The dynamic change of risk in modern society requires true resiliency born out of methods that are traditional as well as dynamic, adaptive, analytic, and inclusive of lessons gleaned from recent cascading disasters. Lessons drawn from the Tohoku disaster provide key insights that can help prepare for cascading disaster risks in modern society. Early warning, risk assessment, education, research, knowledge, and investment are core components of disaster management, but critical attention must also be given to the linkages between elements, resources, systems, and activities at the local and national levels. Without a clear understanding of the inherent linkages throughout the system the valuable resources and efforts by governments and civil society will not optimized.

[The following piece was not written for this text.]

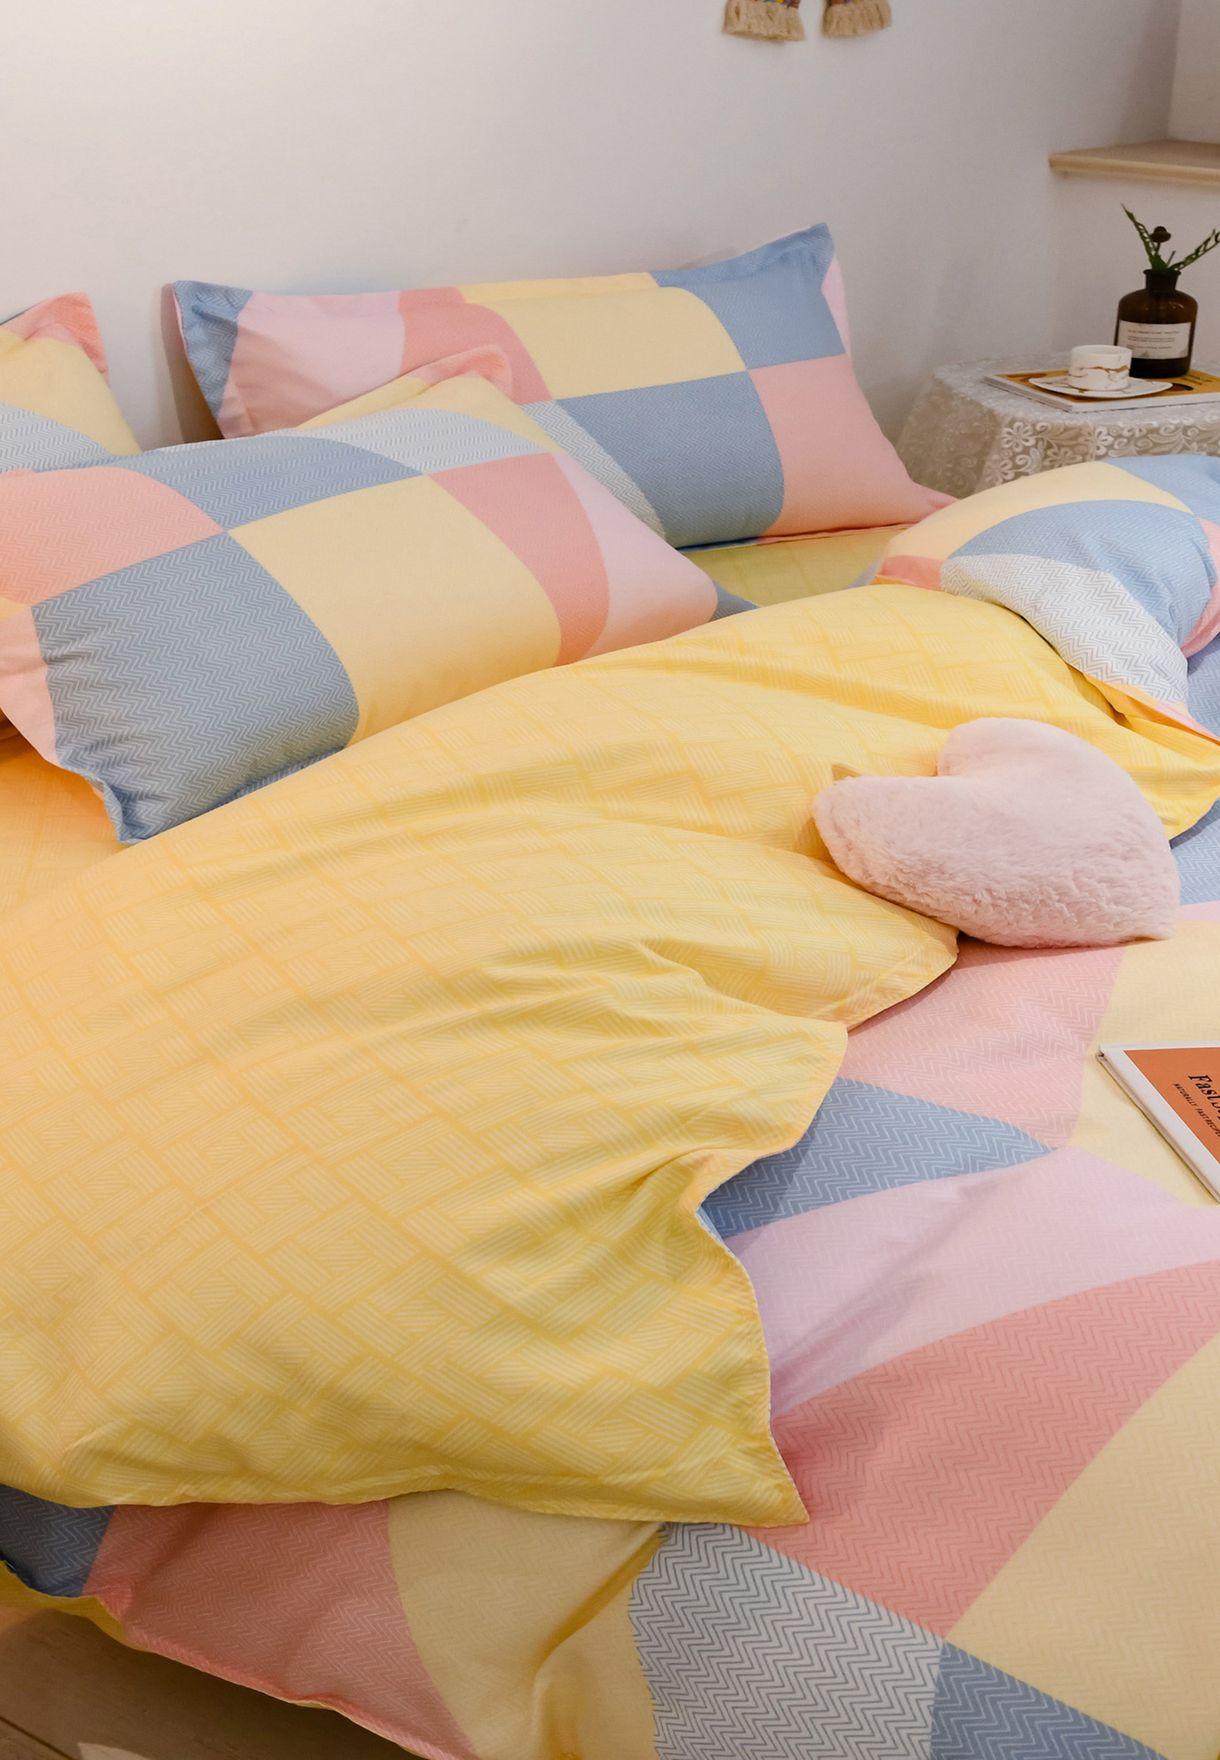 طقم 4 قطع لسرير كينج 200X230 سم

Prior to the Tohoku tragedy, disaster management policies in Japan prioritized seismic reinforcement of houses, hospitals, public infrastructure, and seawalls against earthquake and tsunamis. In Tohoku, the greatest loss of life resulted from the tsunami, not from the earthquake, so it is safe to say that earthquake preparedness worked well overall. However, different aspects of both the response and recovery phases demonstrate the importance of prioritizing the linkages among systems, elements, resources and activities so policies reflect the needs and preferences of those they impact. We are living in a world of more dynamic disaster risk, and the unheard voices in Tohoku provide critical messages for the future.

Mika Shimizu is Assistant Professor at the Disaster Prevention Research Institute at Kyoto University. The views expressed are solely the author’s.